** Work required **
Search the material for the word "style" and copy every line in which it occurs.

** Given records **

-------

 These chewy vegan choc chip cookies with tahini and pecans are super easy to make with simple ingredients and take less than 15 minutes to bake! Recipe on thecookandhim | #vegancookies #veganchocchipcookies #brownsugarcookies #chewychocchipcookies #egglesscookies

-------

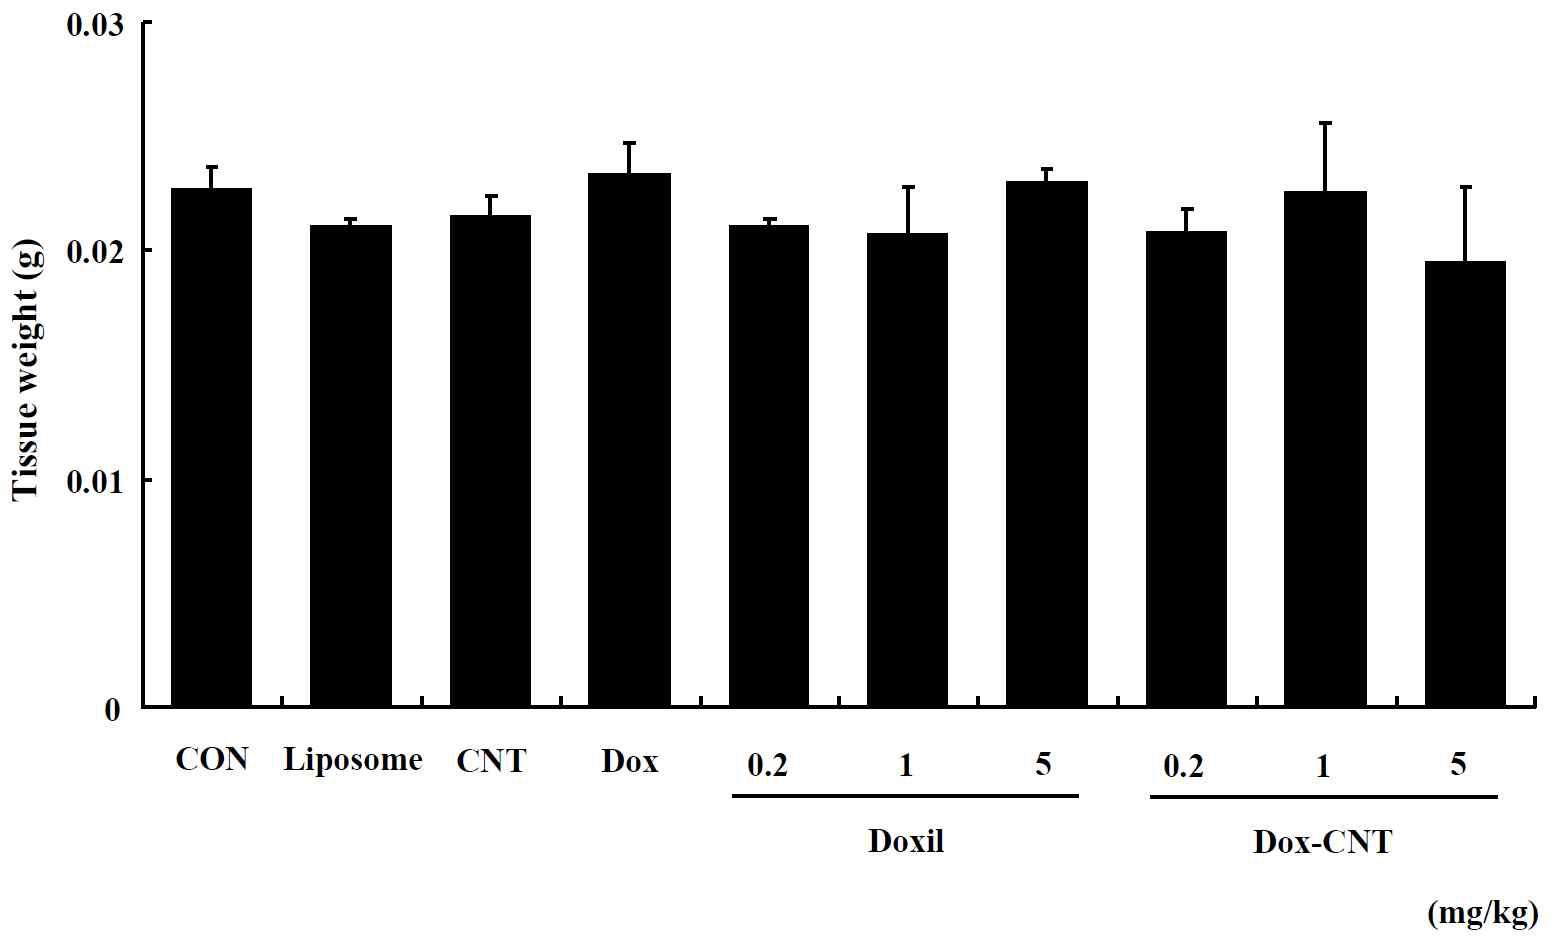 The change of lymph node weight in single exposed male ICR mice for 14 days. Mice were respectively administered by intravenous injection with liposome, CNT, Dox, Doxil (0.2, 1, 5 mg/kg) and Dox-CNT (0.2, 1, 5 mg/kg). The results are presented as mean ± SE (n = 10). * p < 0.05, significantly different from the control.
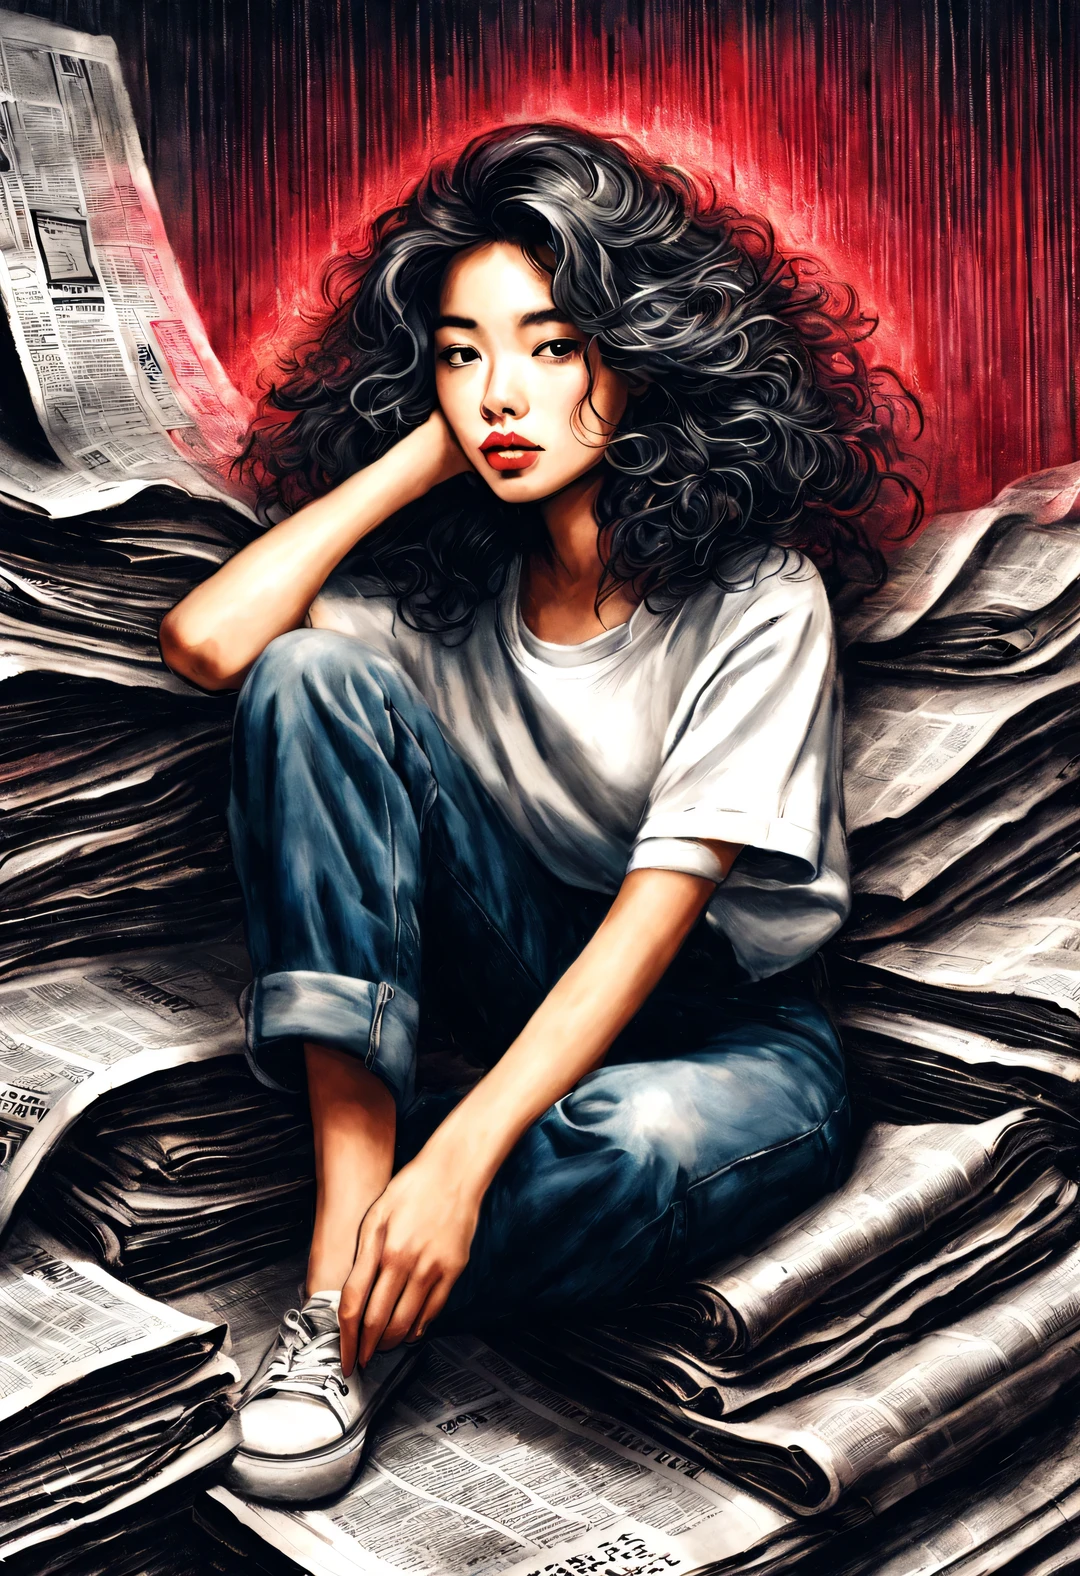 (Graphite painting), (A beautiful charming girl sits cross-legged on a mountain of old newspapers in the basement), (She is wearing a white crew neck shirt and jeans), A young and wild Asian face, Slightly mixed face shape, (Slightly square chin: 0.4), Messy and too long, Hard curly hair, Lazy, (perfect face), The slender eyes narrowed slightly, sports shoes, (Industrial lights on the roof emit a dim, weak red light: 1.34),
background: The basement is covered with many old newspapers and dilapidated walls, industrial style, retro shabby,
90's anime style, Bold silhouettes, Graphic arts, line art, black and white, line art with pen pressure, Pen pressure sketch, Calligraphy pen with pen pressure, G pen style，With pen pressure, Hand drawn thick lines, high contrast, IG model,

-------

** Answer below **
background: The basement is covered with many old newspapers and dilapidated walls, industrial style, retro shabby,
90's anime style, Bold silhouettes, Graphic arts, line art, black and white, line art with pen pressure, Pen pressure sketch, Calligraphy pen with pen pressure, G pen style，With pen pressure, Hand drawn thick lines, high contrast, IG model,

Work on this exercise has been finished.